═══ AVAILABLE DATA

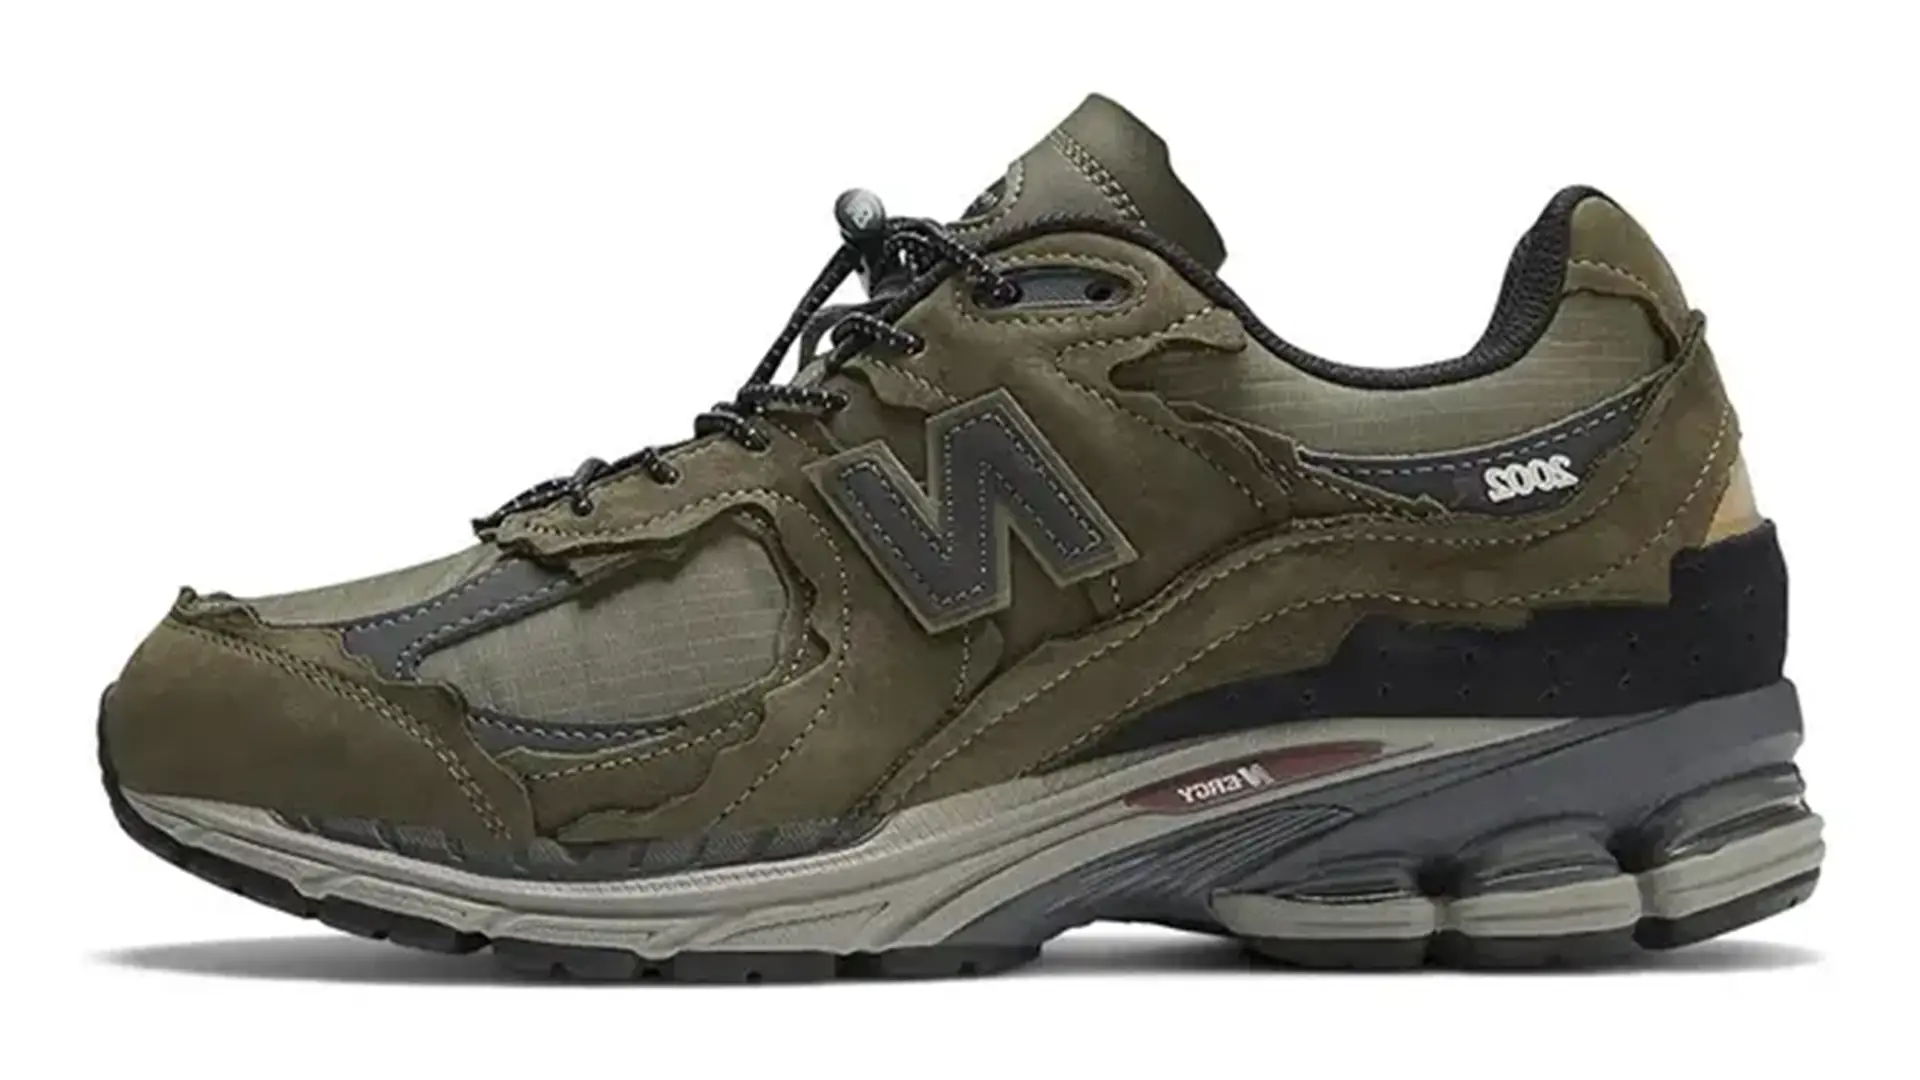 New Balance Roav Trail WTROVSC1 Protection Pack Gets an Autumn-Ready Update
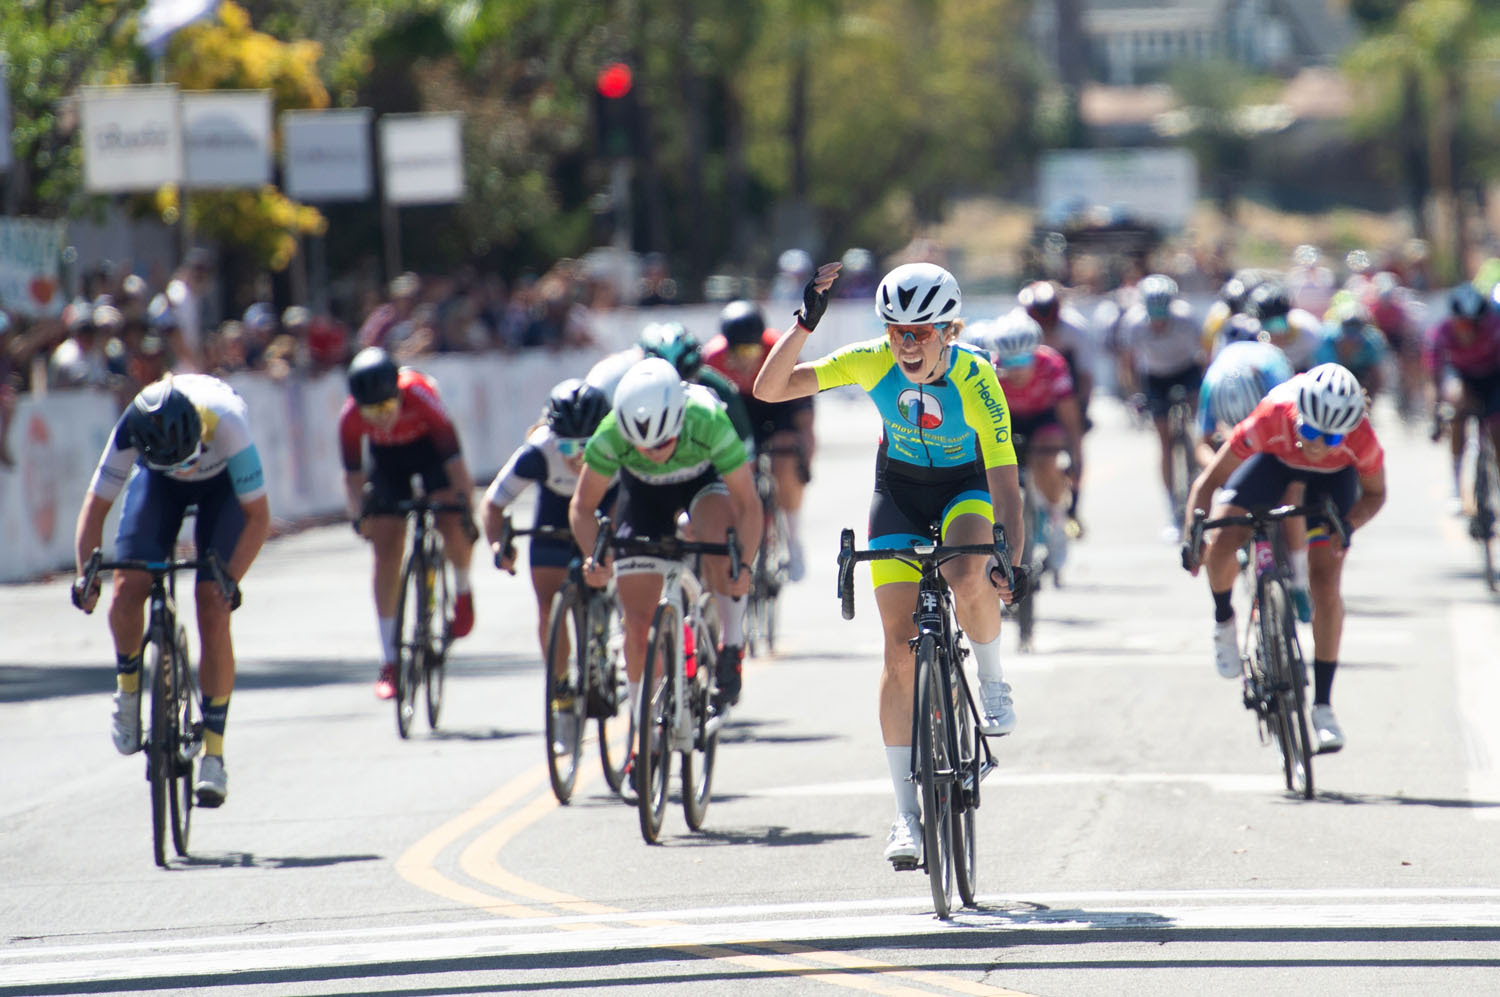 Cordova Steals The Win In Downtown Redlands Redlands Bicycle Classic
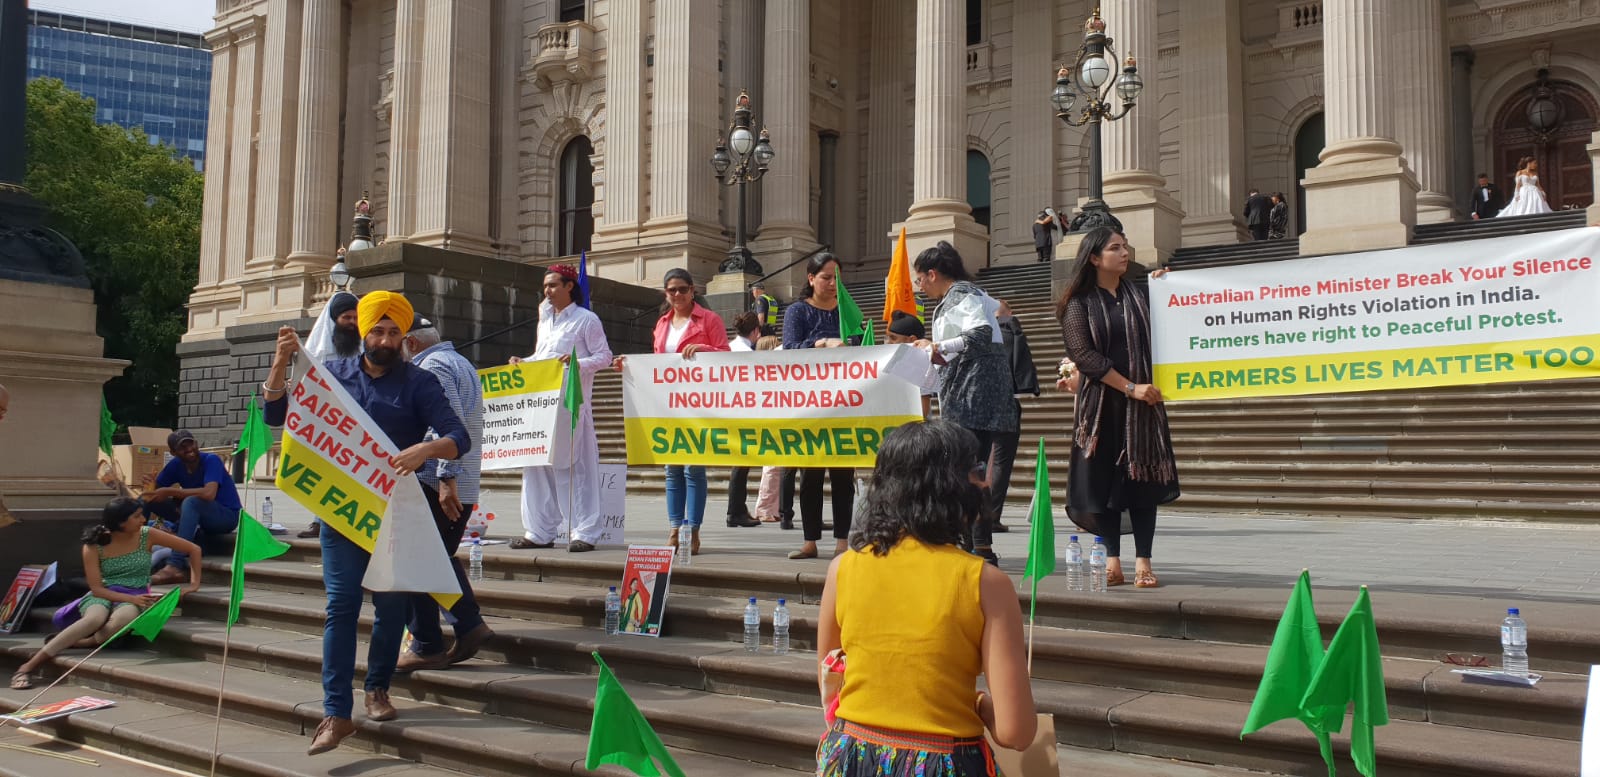 An Australian solidarity protest with farmers in India
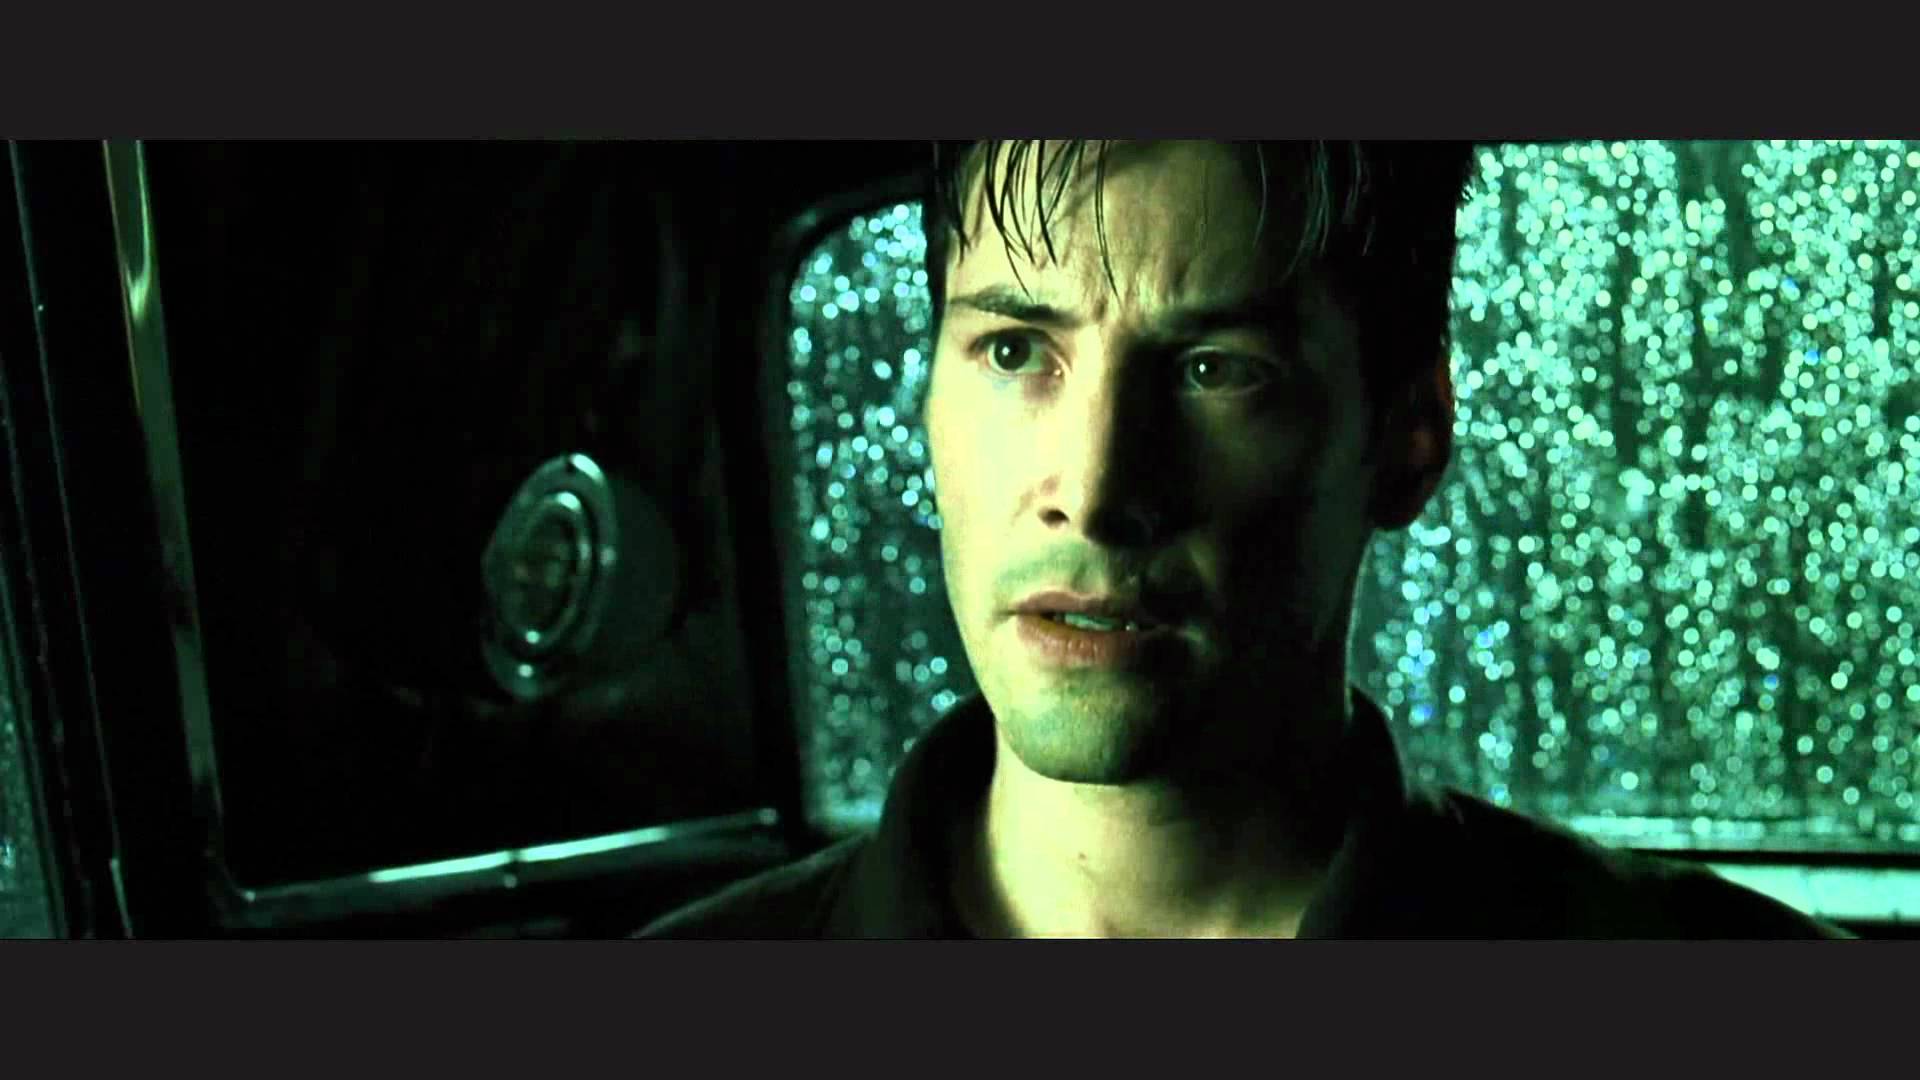 In The Matrix, water on windows foreshadowed code

══════

Copy verbatim the span that begins at the line containing "An Australian solidarity" and ends at the last line of the material, inclusive of both; exclude pictures.

 An Australian solidarity protest with farmers in India
 In The Matrix, water on windows foreshadowed code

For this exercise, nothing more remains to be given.